(Data excerpt begins)

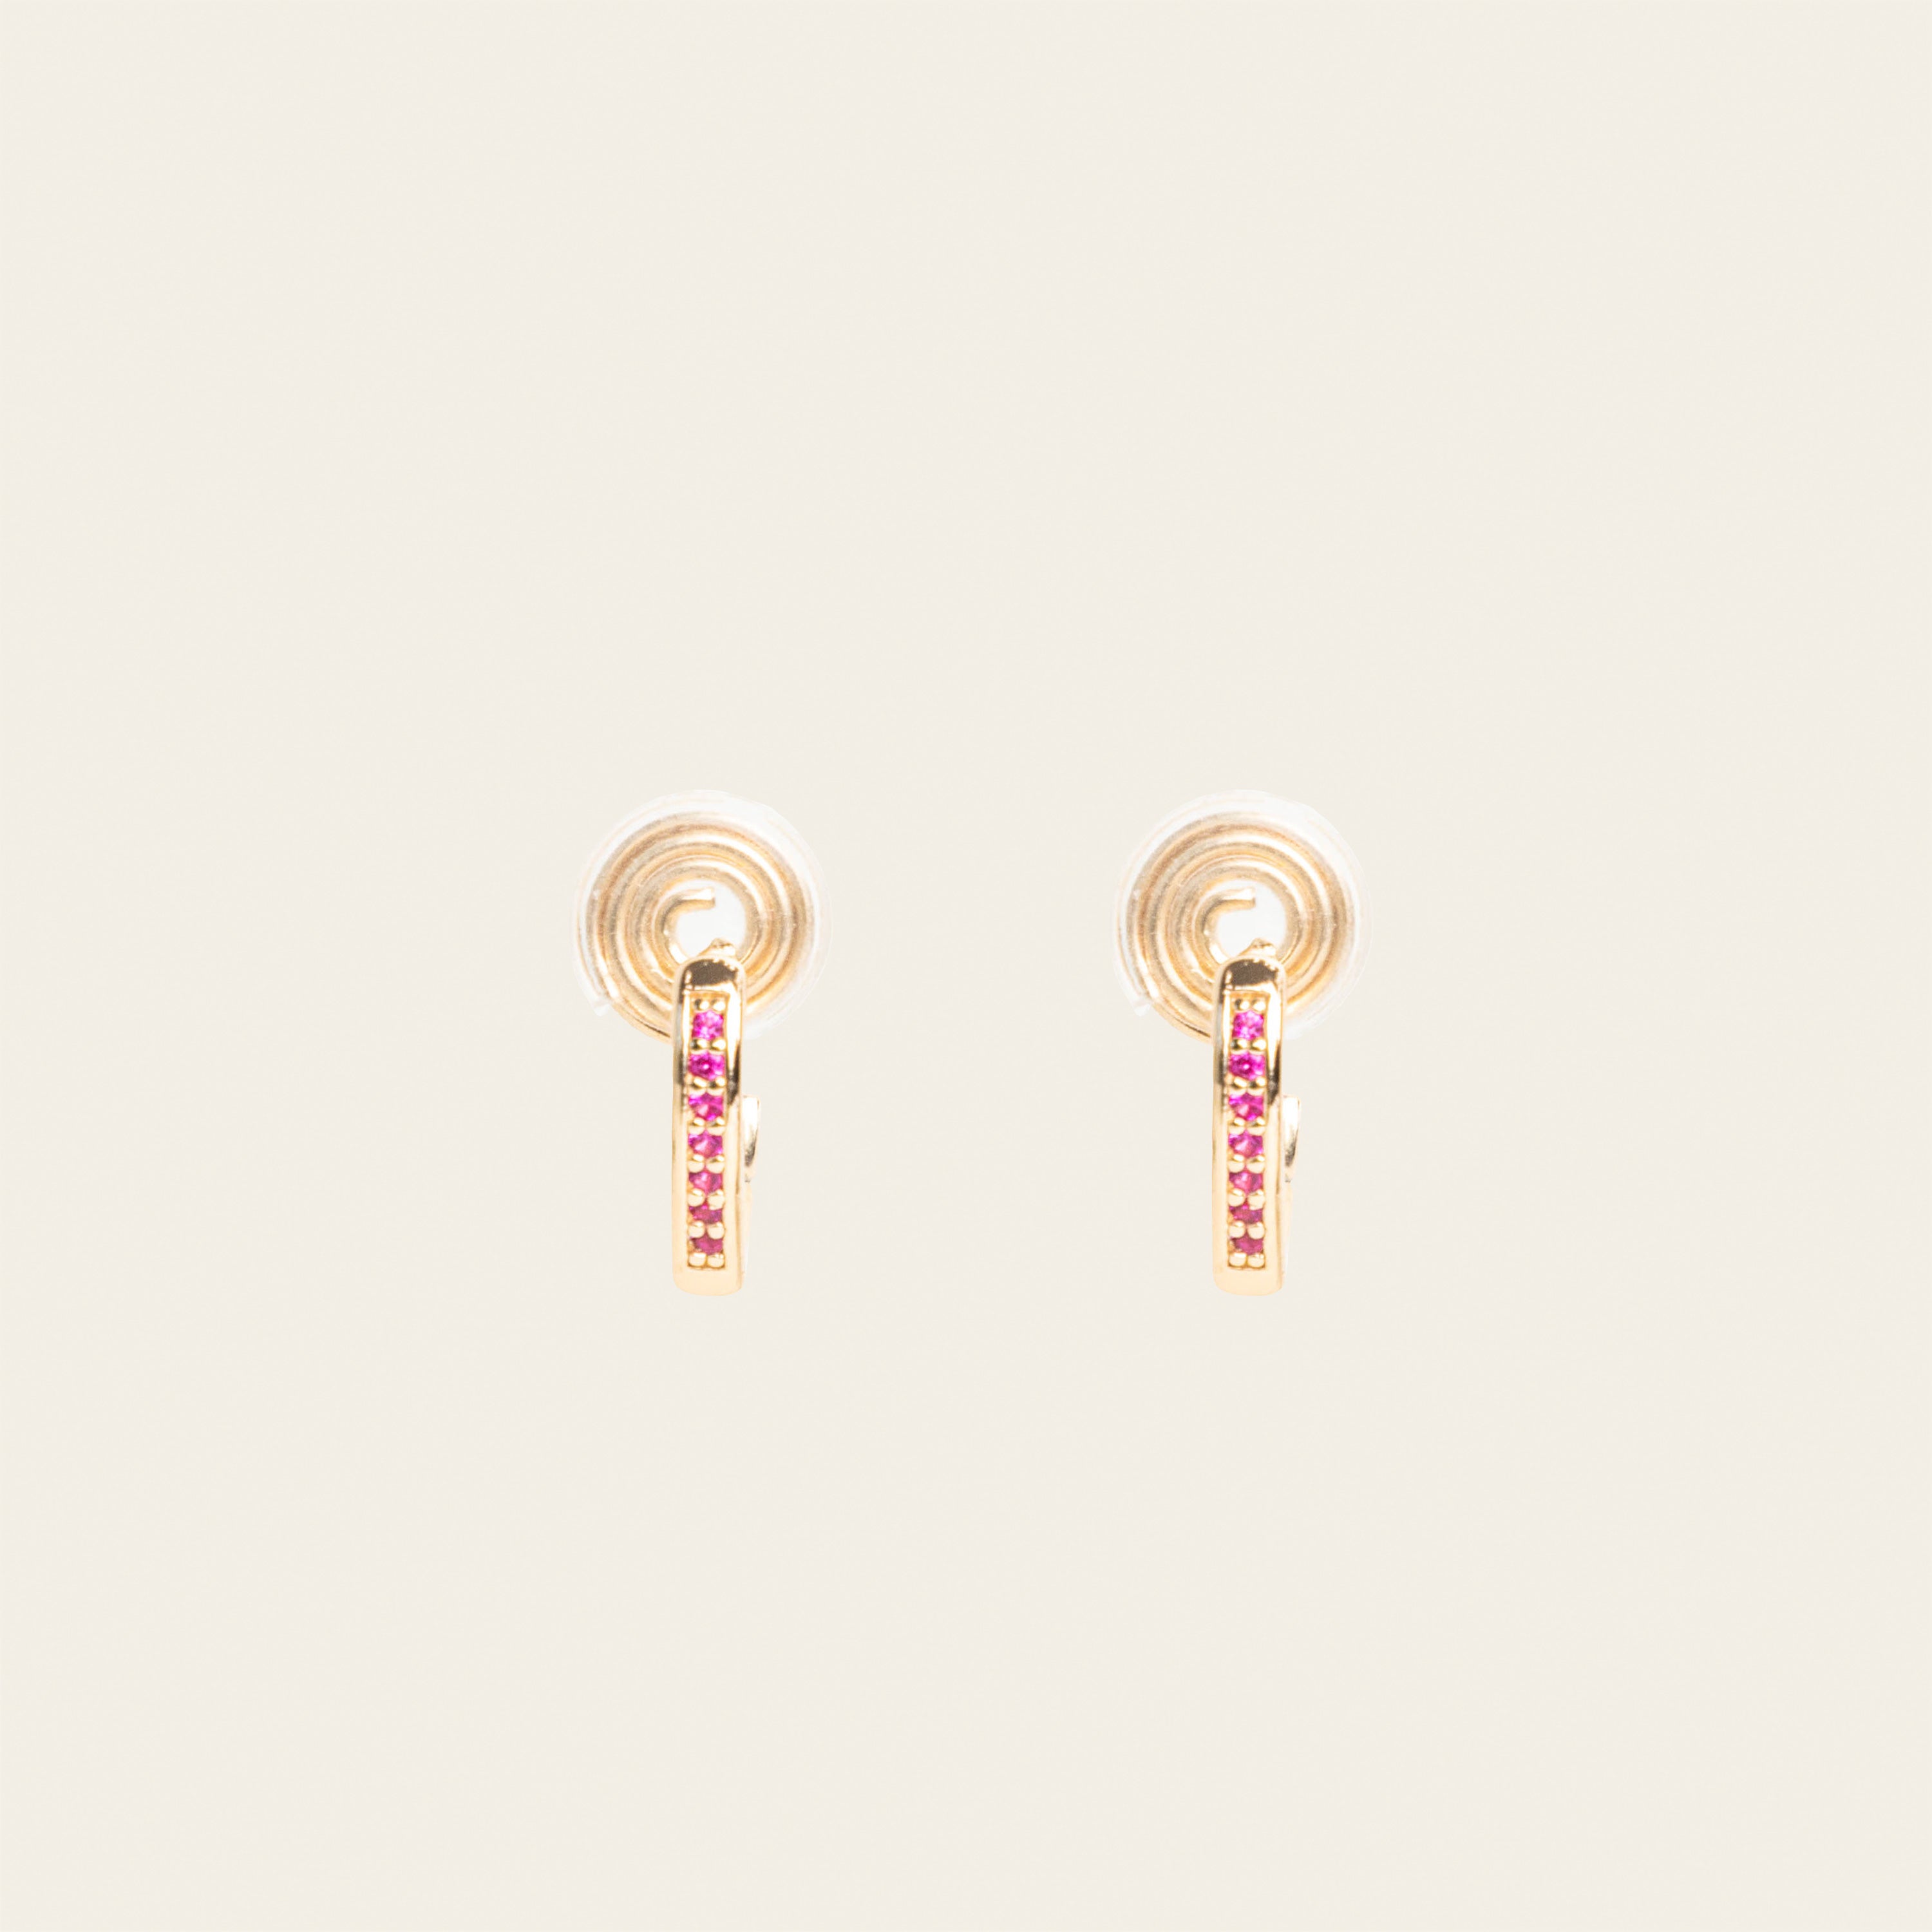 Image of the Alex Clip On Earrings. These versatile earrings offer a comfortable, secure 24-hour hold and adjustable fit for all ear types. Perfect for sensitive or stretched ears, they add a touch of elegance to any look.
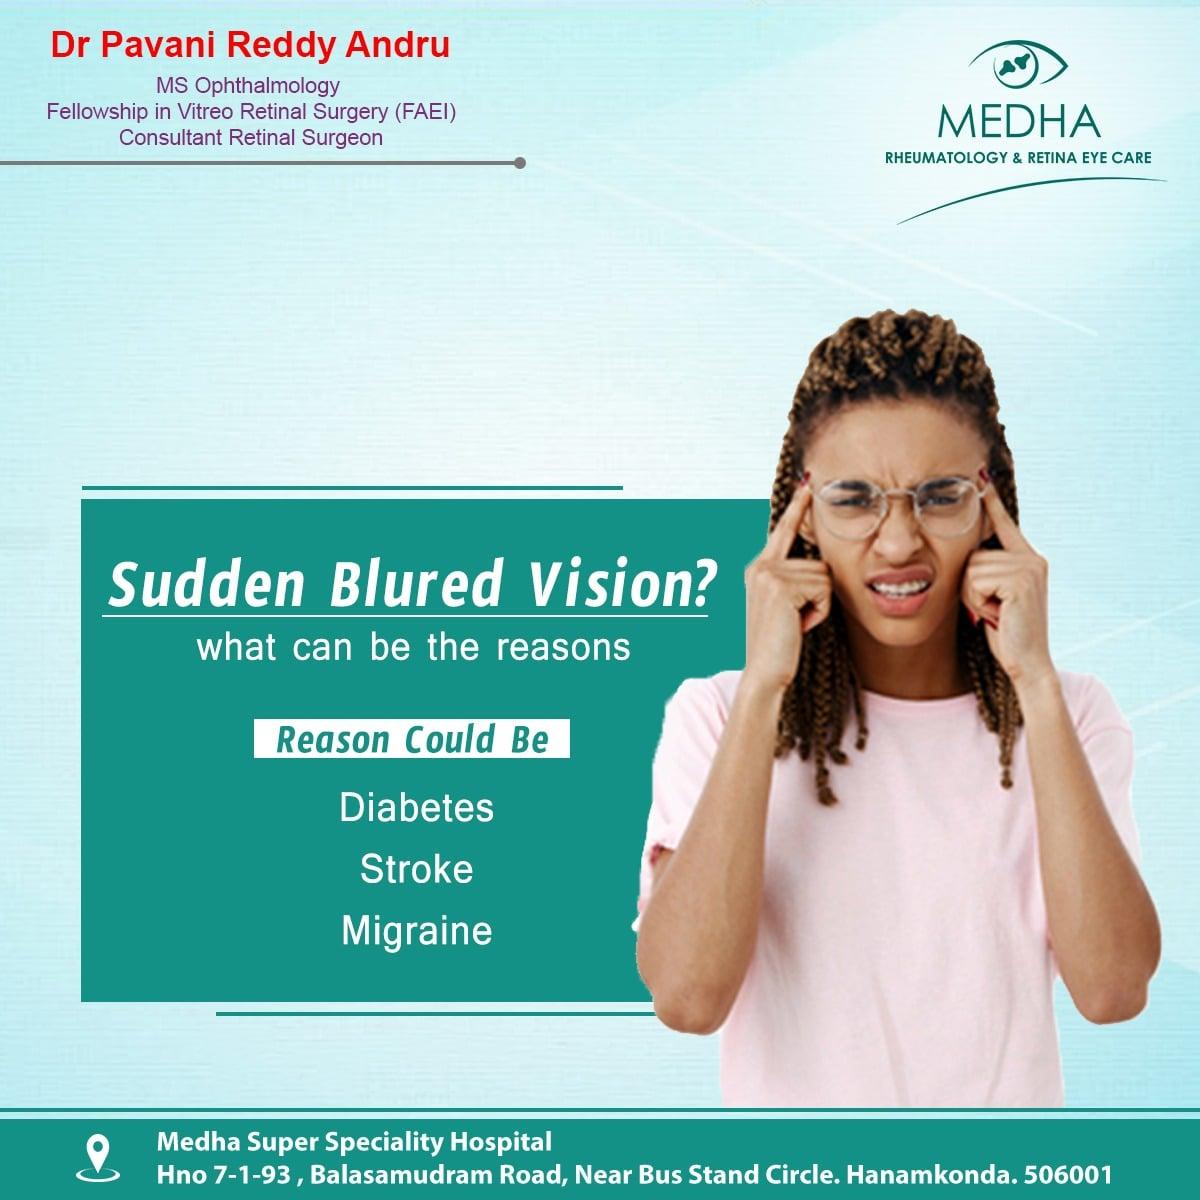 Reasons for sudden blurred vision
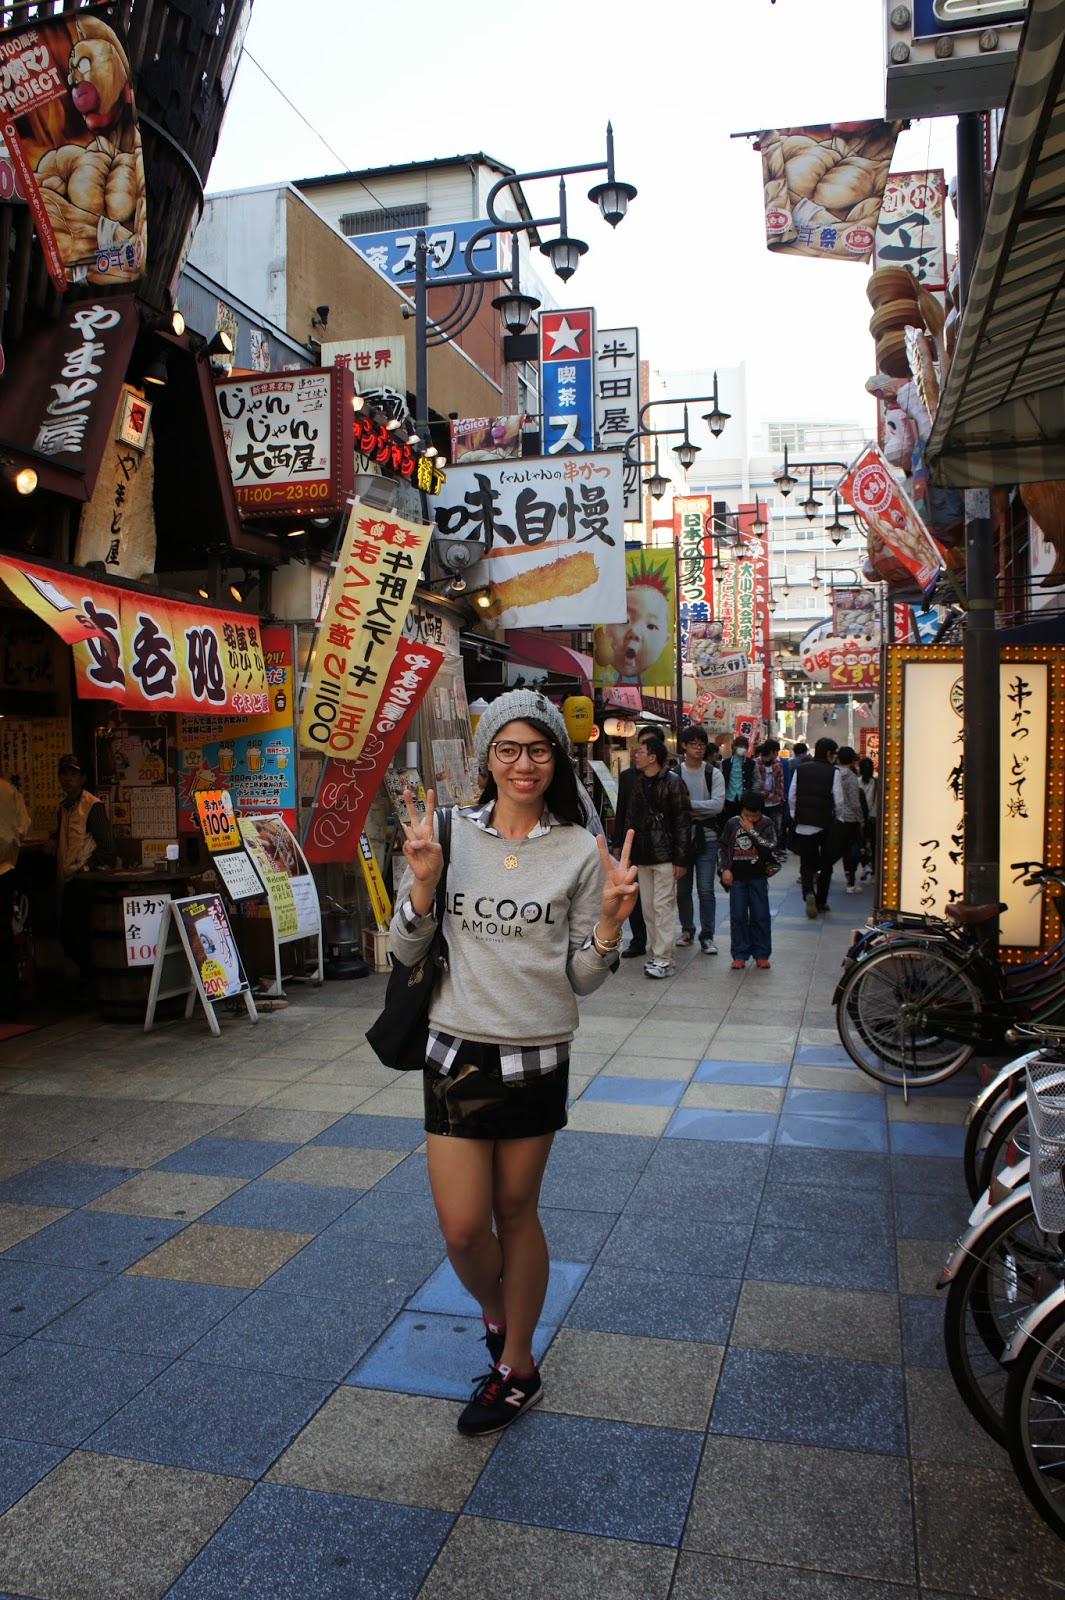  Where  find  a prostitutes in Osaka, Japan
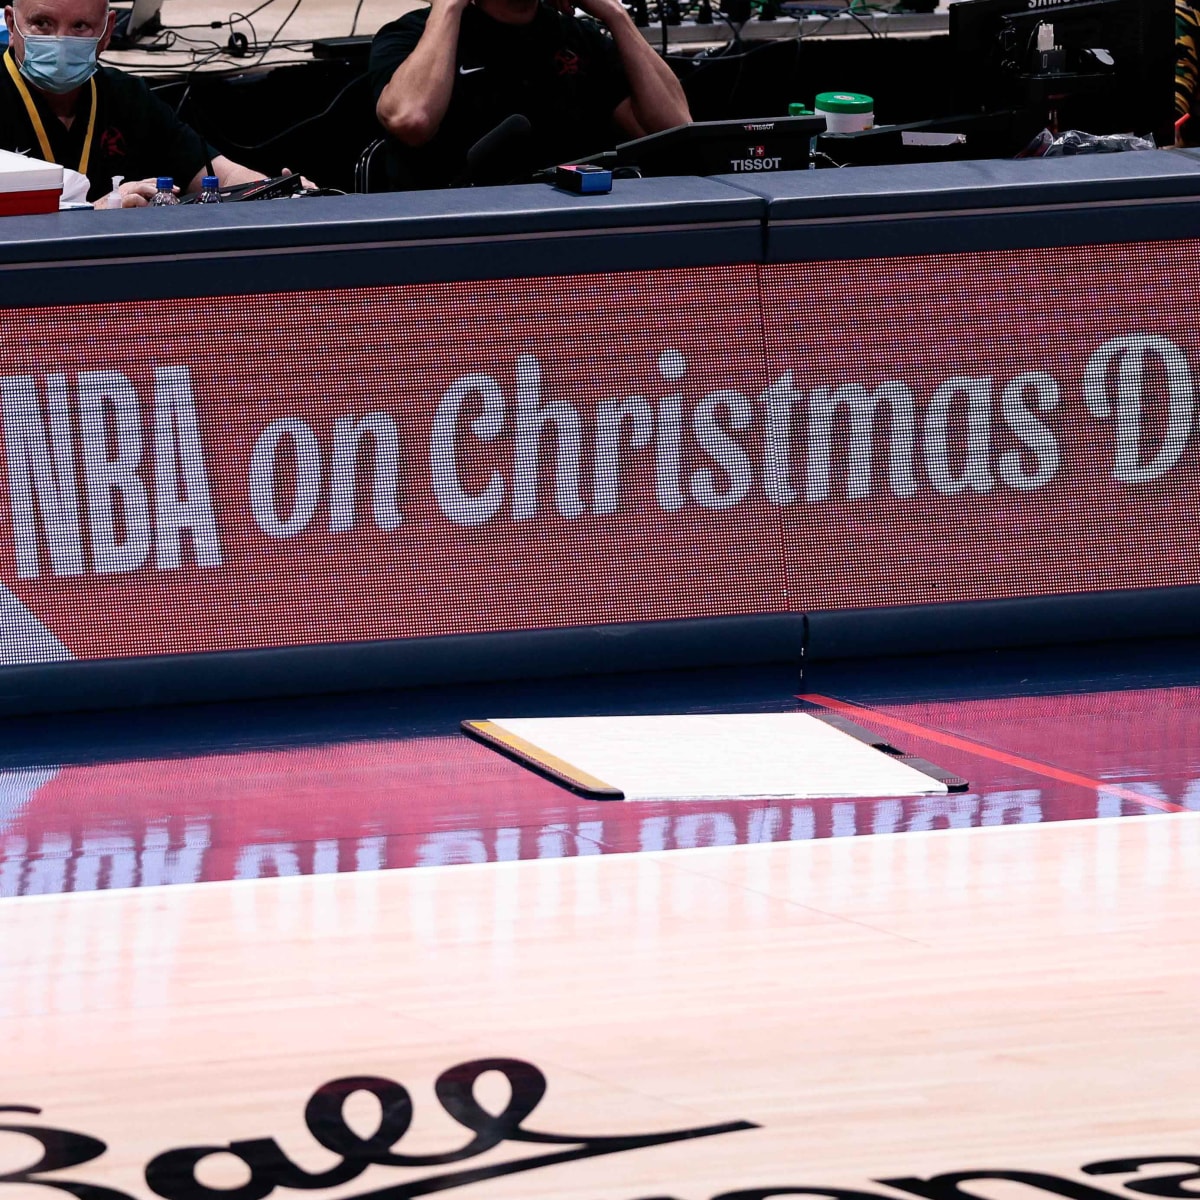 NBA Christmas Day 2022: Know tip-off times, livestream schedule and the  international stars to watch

(Data excerpt ends)

> [Task requirements]
Retype the data above in full, exactly as it stands, and skip any image.

> [Answer section]
 Image of the Alex Clip On Earrings. These versatile earrings offer a comfortable, secure 24-hour hold and adjustable fit for all ear types. Perfect for sensitive or stretched ears, they add a touch of elegance to any look.
 Reasons for sudden blurred vision
  Where  find  a prostitutes in Osaka, Japan
 NBA Christmas Day 2022: Know tip-off times, livestream schedule and the  international stars to watch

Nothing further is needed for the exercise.